Start working on yourself now, the rest will fall into place.

I am still married and we are working our way back. This may happen for you or it may not. But without boundaries and expectations, it doesn't matter where you are or who you live with, you will become a doormat once again!


----------



## Zanne

Anon Pink said:


> I haven't read the whole thread, just wanted to comment on the bolded part.
> 
> I have been in an unhappy marriage for a long time and wanted to leave and lacked the confidence to do so. I found myself saying exactly, word for word, the bolded part above.
> 
> What I decided to do was make that happiness happen. To engage in life just as I would, or as close to as I could, if I had become single. I wasn't fully successful, but I got close enough.
> 
> My point is, you don't need to leave your marriage in order to enjoy your life. You simply need boundaries, to give yourself permission to go places and do things FOR YOURSELF! If you think that will come easier to you being single, it won't. If you have weak boundaries now, you will still have to develop them once single.
> 
> Start working on yourself now, the rest will fall into place.
> 
> I am still married and we are working our way back. This may happen for you or it may not. But without boundaries and expectations, it doesn't matter where you are or who you live with, you will become a doormat once again!

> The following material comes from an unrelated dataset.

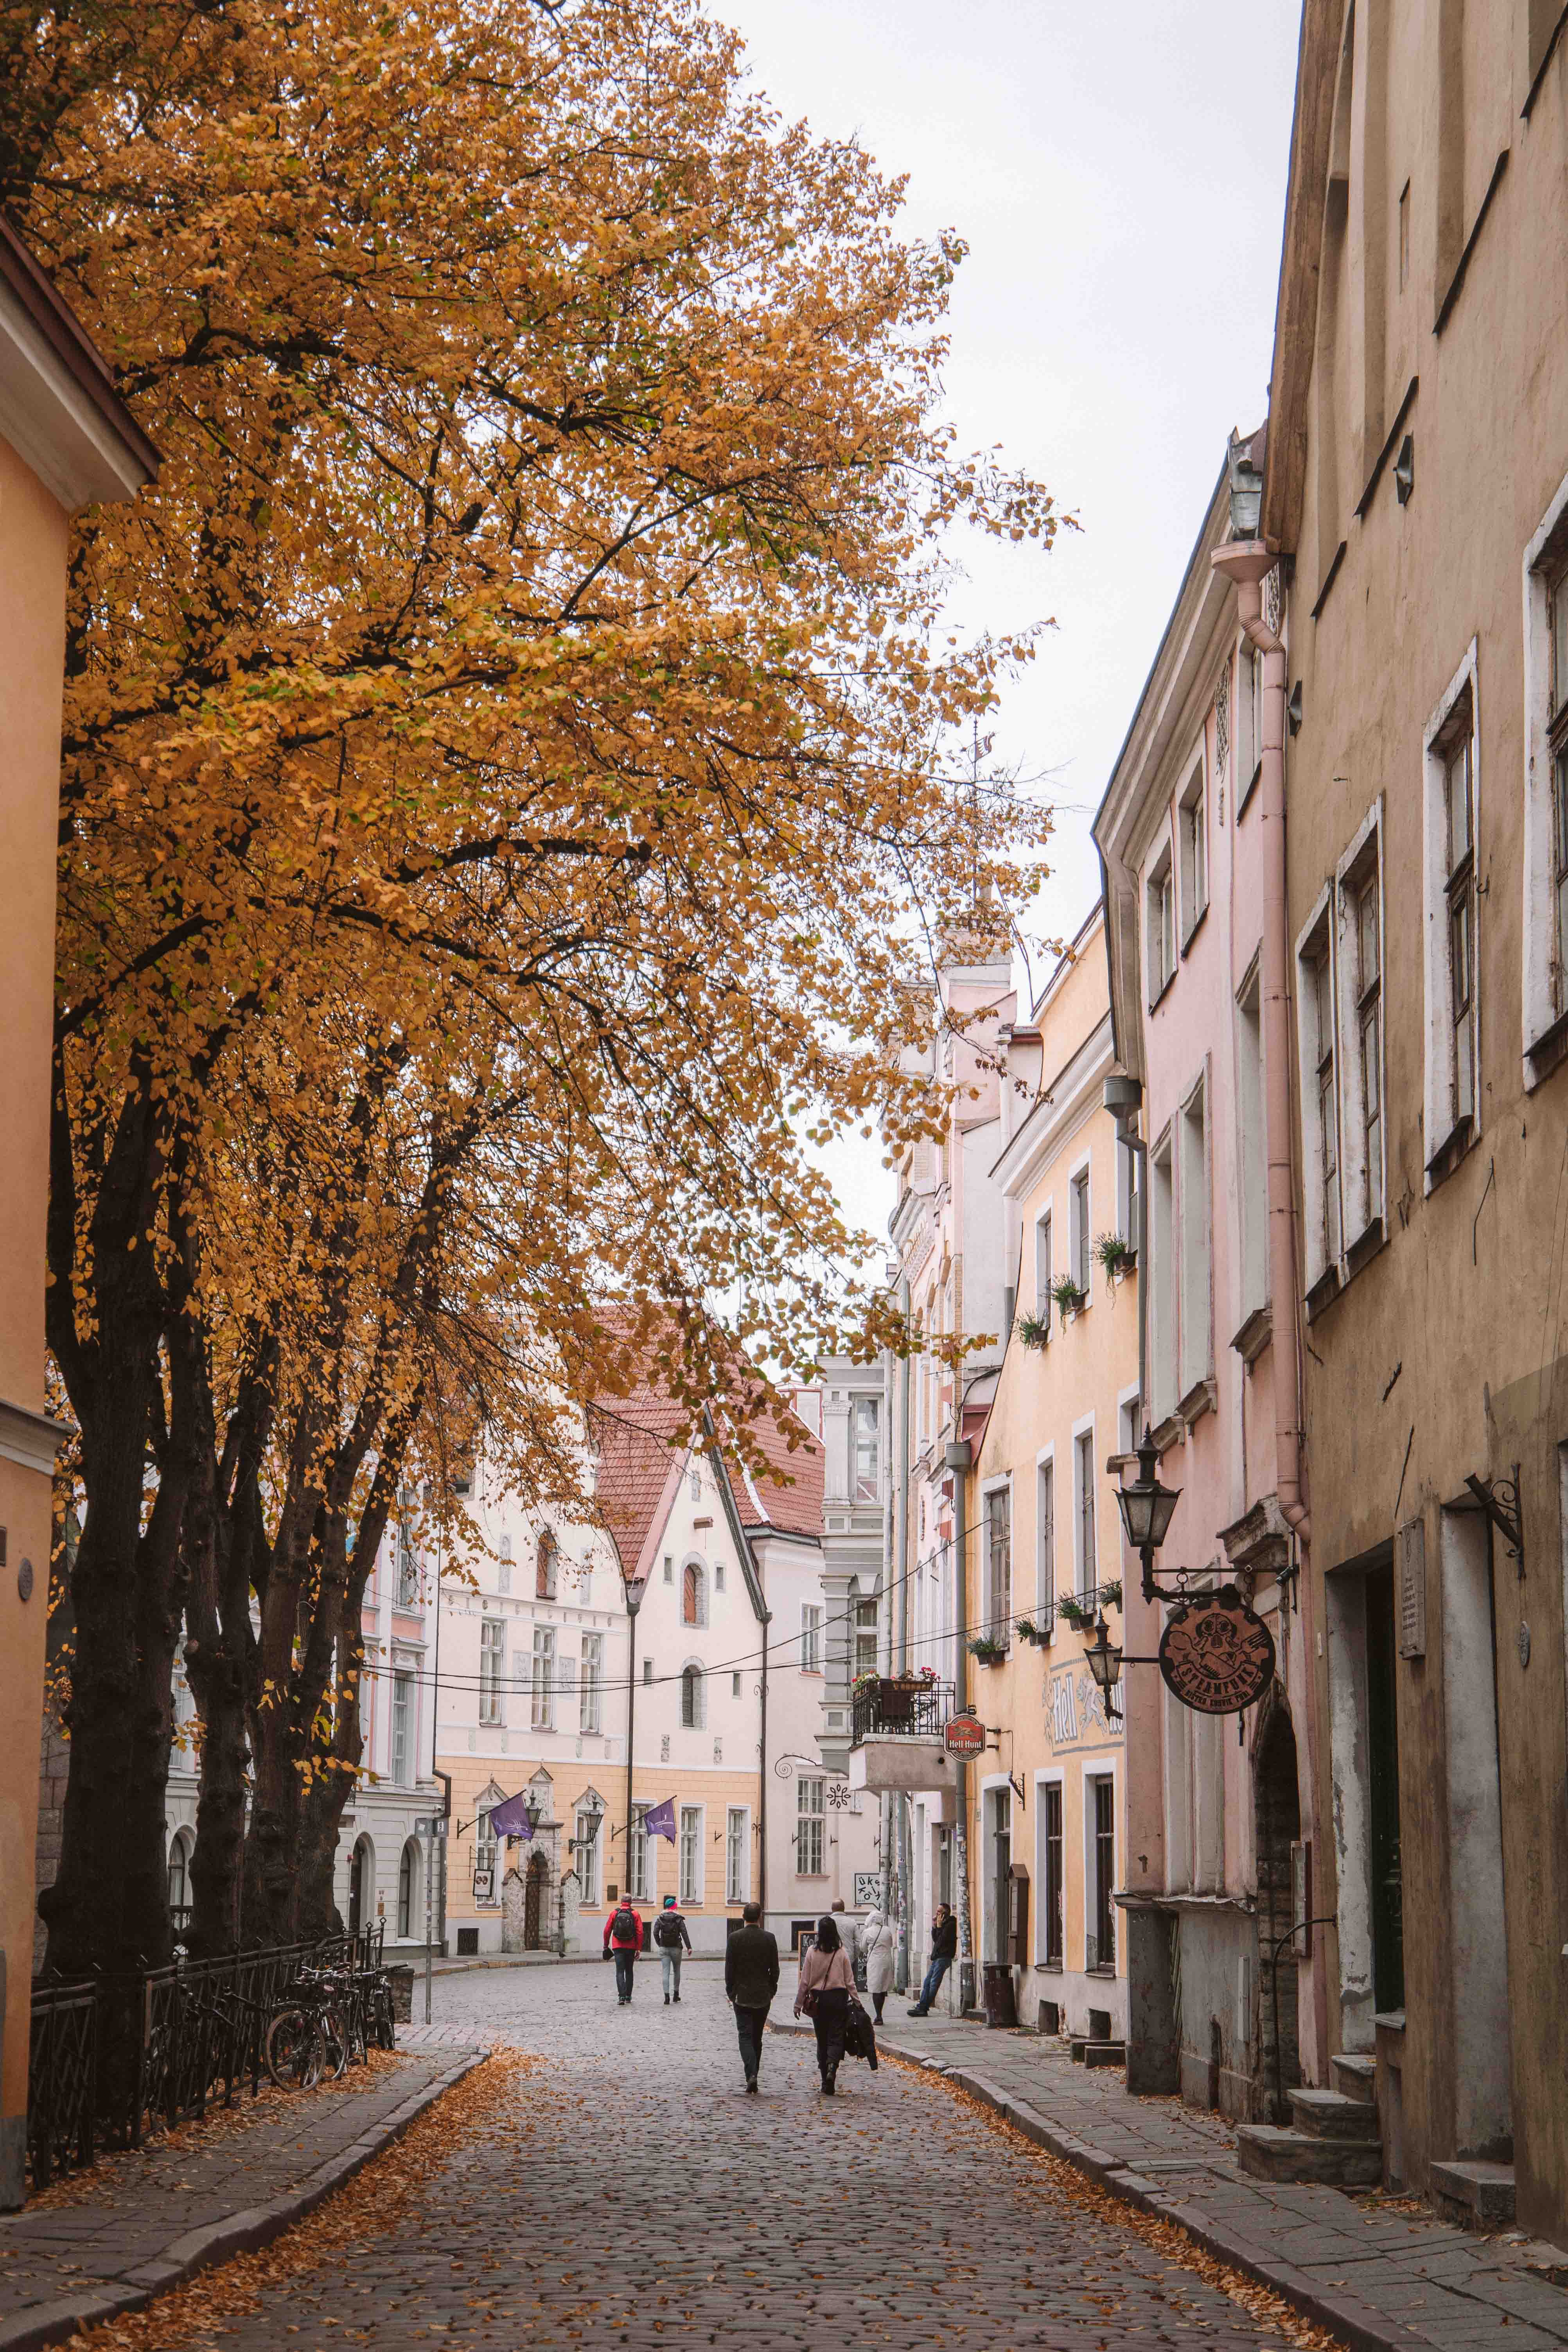 Pikk street in Tallinn's old town

Anon, this is great advice. I do wonder, however, what is a person supposed to do about intimacy and sex? The OP has stated that she is not attracted to her husband; something I can relate to. What then? I would hope she has strong boundaries.


----------



## Stranded17

Anon Pink said:


> My point is, you don't need to leave your marriage in order to enjoy your life. You simply need boundaries, to give yourself permission to go places and do things FOR YOURSELF! If you think that will come easier to you being single, it won't. If you have weak boundaries now, you will still have to develop them once single.


Yes, I can do things for myself as if I were single but I am still limited to what I can do. Married people have obligations for each other and I can not simply ignore them. For instance, if I am with my girl friends and we have a good time on a weekend, sometimes I want to stay over night at their house, wake up in the morning then we go for breakfast together and go shopping after or to the beach. As a married woman, I have to report to my husband like a teenager reports to her parents where I am, who I am with, what I am doing, when I am gonna be home. It drives me insane. I have seen men who want to live like they are single while still being married. I feel similar. Then why stay married if you want a single life, right?

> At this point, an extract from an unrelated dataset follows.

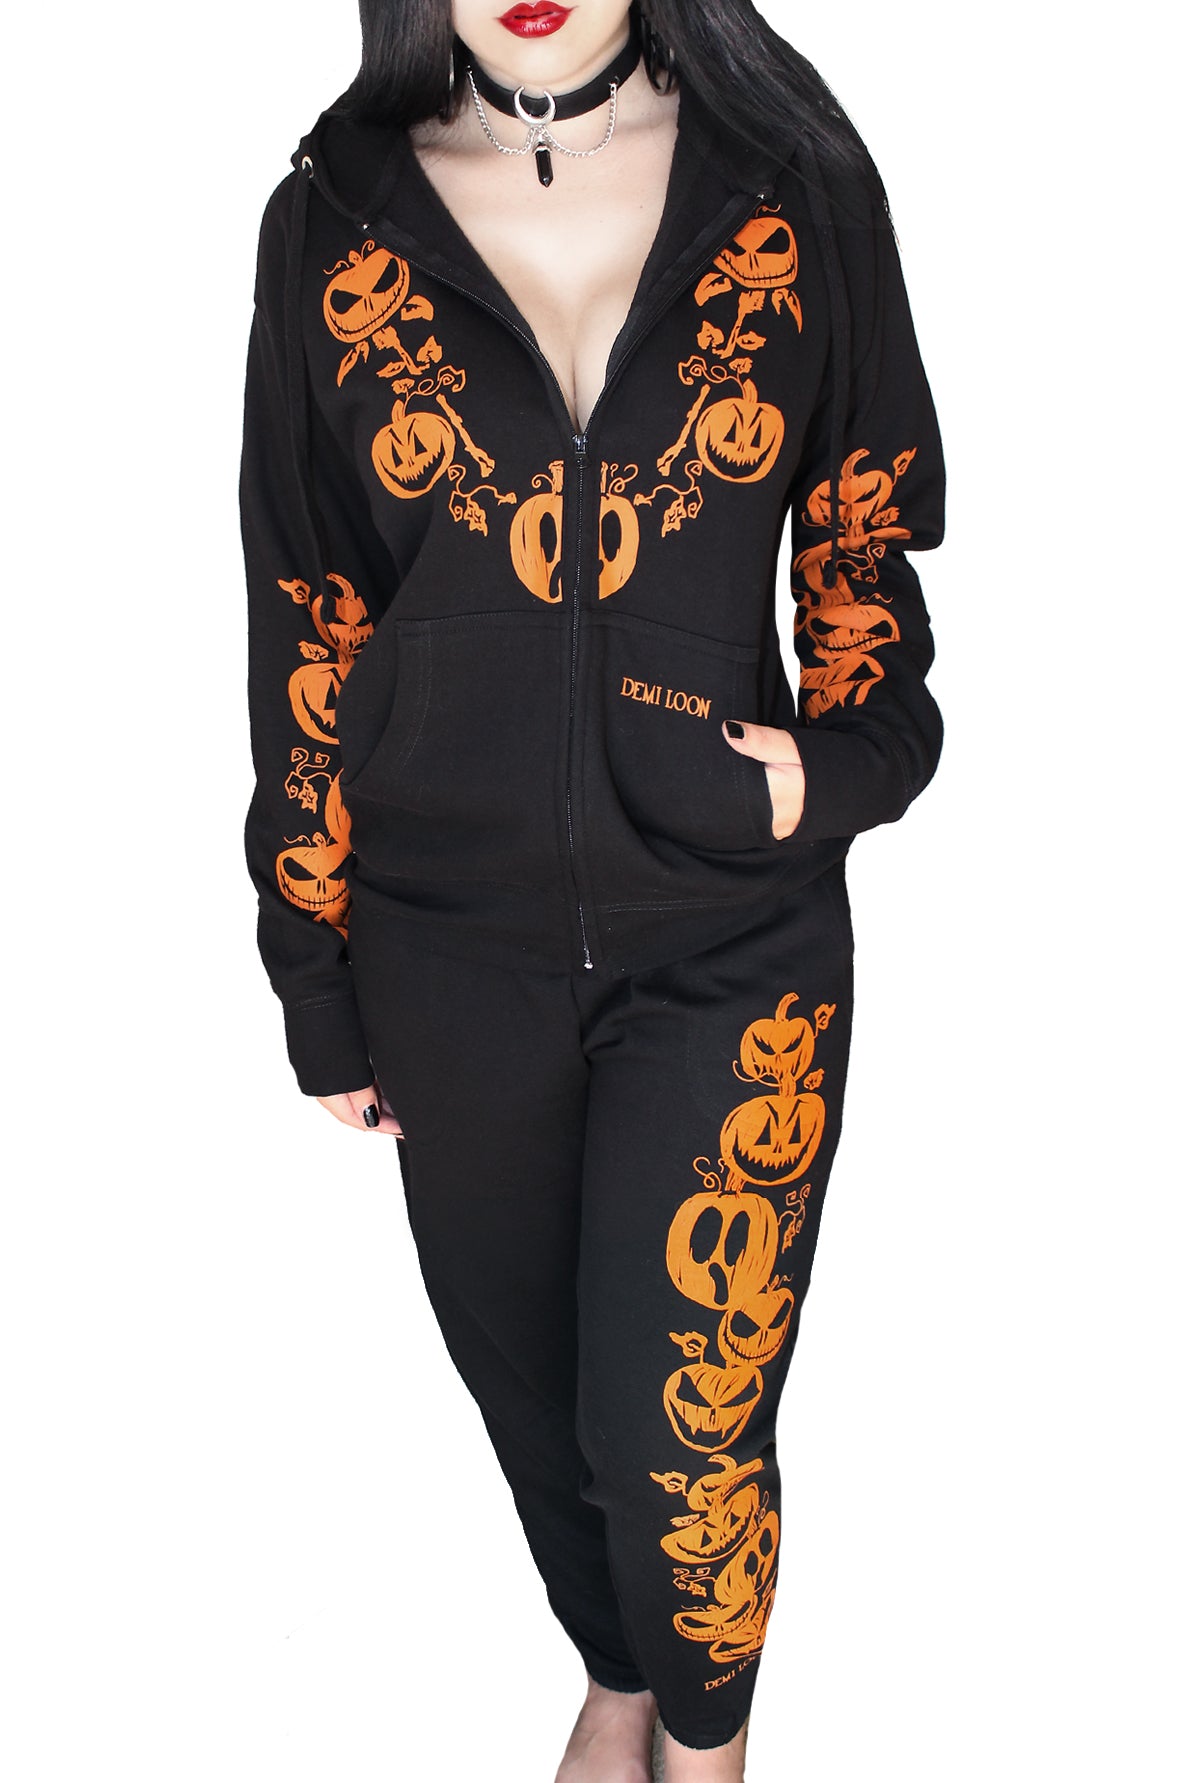 Coors Light Night Pumpkin Hoodie Zip Hoodie Gift Halloween For Men And  Women - Freedomdesign

I do understand that things will not get easier if I become single. That's what scares me.


----------



## highwood

Anon Pink said:


> I haven't read the whole thread, just wanted to comment on the bolded part.
> 
> I have been in an unhappy marriage for a long time and wanted to leave and lacked the confidence to do so. I found myself saying exactly, word for word, the bolded part above.
> 
> What I decided to do was make that happiness happen. To engage in life just as I would, or as close to as I could, if I had become single. I wasn't fully successful, but I got close enough.
> 
> My point is, you don't need to leave your marriage in order to enjoy your life. You simply need boundaries, to give yourself permission to go places and do things FOR YOURSELF! If you think that will come easier to you being single, it won't. If you have weak boundaries now, you will still have to develop them once single.
> 
> Start working on yourself now, the rest will fall into place.
> 
> I am still married and we are working our way back. This may happen for you or it may not. But without boundaries and expectations, it doesn't matter where you are or who you live with, you will become a doormat once again!


Great post...it resonates with me. I too am struggling with the OP's dilemma as well.

I like your comment about start working on yourself now...I think that is why I have not been happy..I want to work on myself in a couple of areas but have been lazy about do so. To me if I find that when I am unhappy about myself I tend to take that out on others in anger.

I often think well if I was single I would do this and do that...who knows maybe I would, maybe I wouldn't....but no reason why I can't do some of those things while married.


----------



## Anon Pink

I think we can all relate to losing attraction to our husbands. Myself included. He needs to lose weight, big time! 

However, part of single life is making a life FOR YOURSELF, not making room for a new husband. See the difference? If you were to divorce, it would still be advisable to NOT get involved with another man for a while, not until you've healed from the break up and not until you've learned from your mistakes, otherwise...you'll just make them again only in a different way.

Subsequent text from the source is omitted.